Spraying your equipment with a disinfectant is possible if you place the foam pop filter (or foamy) securely over your microphone grill. Spray the foam pop filter and let it dry before you attach it to your microphone.

Andrew, from Deity Microphones, says that your equipment should be kept wet for approximately one minute to kill bugs. Please watch the video to make sure that you don’t damage your microphone.

The circular mesh pop filter is my favorite for voiceover work. There are two types of mesh filters: the cheaper plastic ring with one or two layers of black nylon material and the more expensive circular mesh type.

This is the kind you find in pantyhose. Another type is a circular mesh made of metal with perforations that are specially designed. Learn more about pop filters and how they can be used in my article Stop Audio Popping.

These pop filters are very popular. DIY pop filters can be made using an embroidery ring, a pair of pantyhose, and some sewing supplies.

The dead-cat pop filter is the third type. It looks foamy, but it is made from synthetic fur material. These filters are great for protecting microphones from windblasts and can also be used in your studio to filter pop music.

You can choose the type of filter you want. If you are serious about your audio, I recommend a metal mesh pop filter. If you are starting or have a tight budget, I would recommend a nylon mesh pop-filter.

Tip 9 – Use good headphones to monitor your audio

Take a studio tour at a radio station if you have the chance. It will allow you to see the work of a professional broadcaster.

While you don’t have to use the same equipment in broadcast studios, you can still learn some good ideas. You should also monitor your sound.

You don’t need headphones to hear other sounds or guests. Instead, use your headphones to hear your voice. This is not about being narcissistic or feeding your ego. It’s simply sensible. It’s just common sense.

Setup Blue Yeti Microphone

You can monitor your sound using headphones to determine if it’s loud enough if it’s clear and undistorted, as well as whether any background noise is present.

It will be easy to solve any problem and save you a lot of heartache and time.

You should consider some headphones if you don’t have any good headphones to use for content creation.

Tip 10 – Test before you record or stream

Although you may ignore me if I’m wearing headphones, please do a test before recording.

You can be confident that your setup will work by recording a quick recording and listening back.

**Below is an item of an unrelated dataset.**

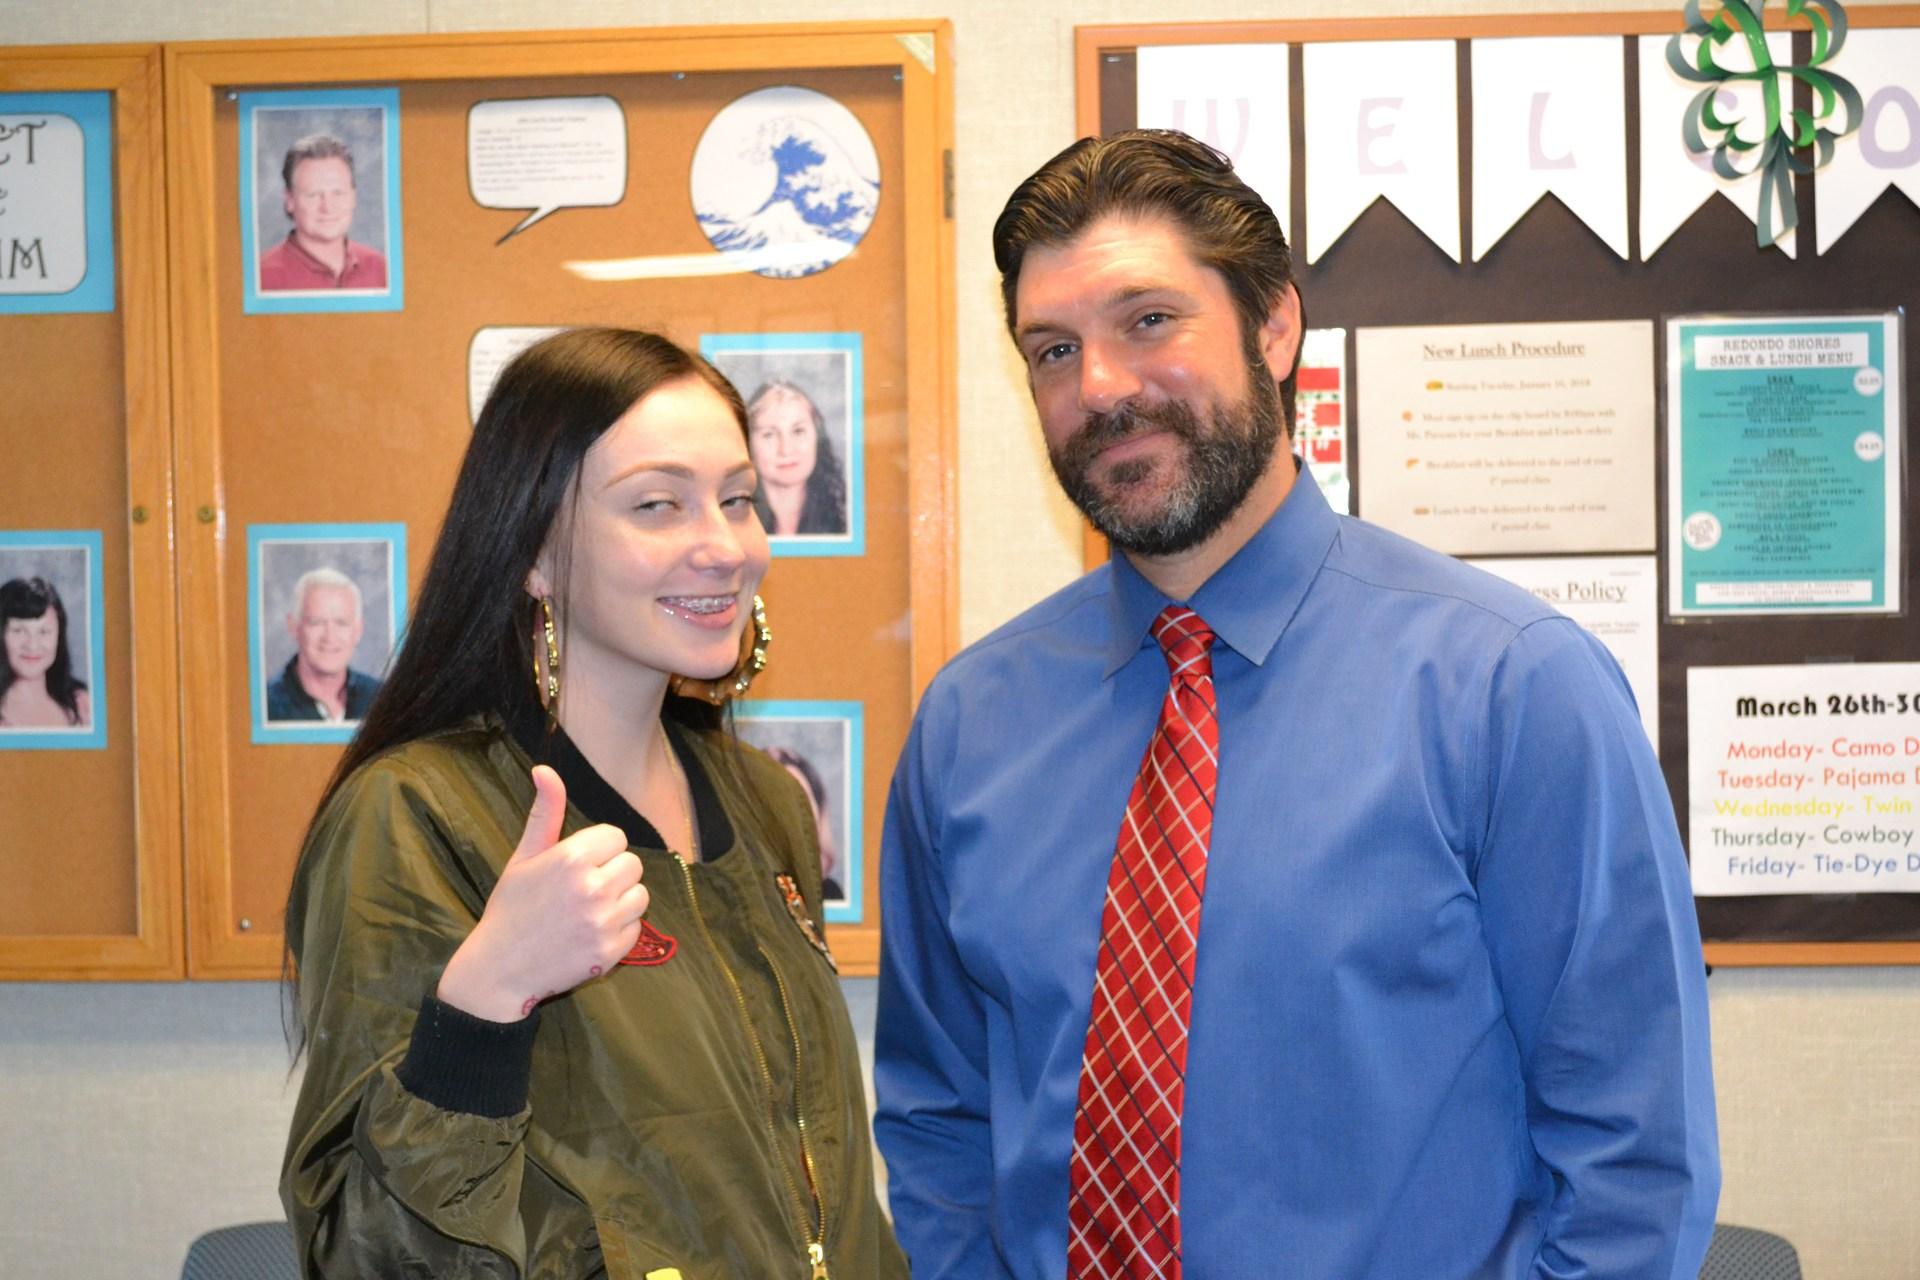 Principal, Counselor, Student

This will save you time and show respect to your audience, especially when you are streaming live.

You don’t have to waste their time, so make sure you test mic before the stream starts.

Conclusion

It is no accident that the blue yeti microphone was chosen as one of our best-selling models. It not only delivers great audio experiences but it can also be easily set up in seconds with the included desktop microphone stand. This allows you to connect directly to a microphone stand.

Yeti blue is a great choice for professional features, studio sound quality, and elegant on-camera looks. Please read the article of Hooke Audio to learn how to set it up and start your streaming podcasts, streaming, and records.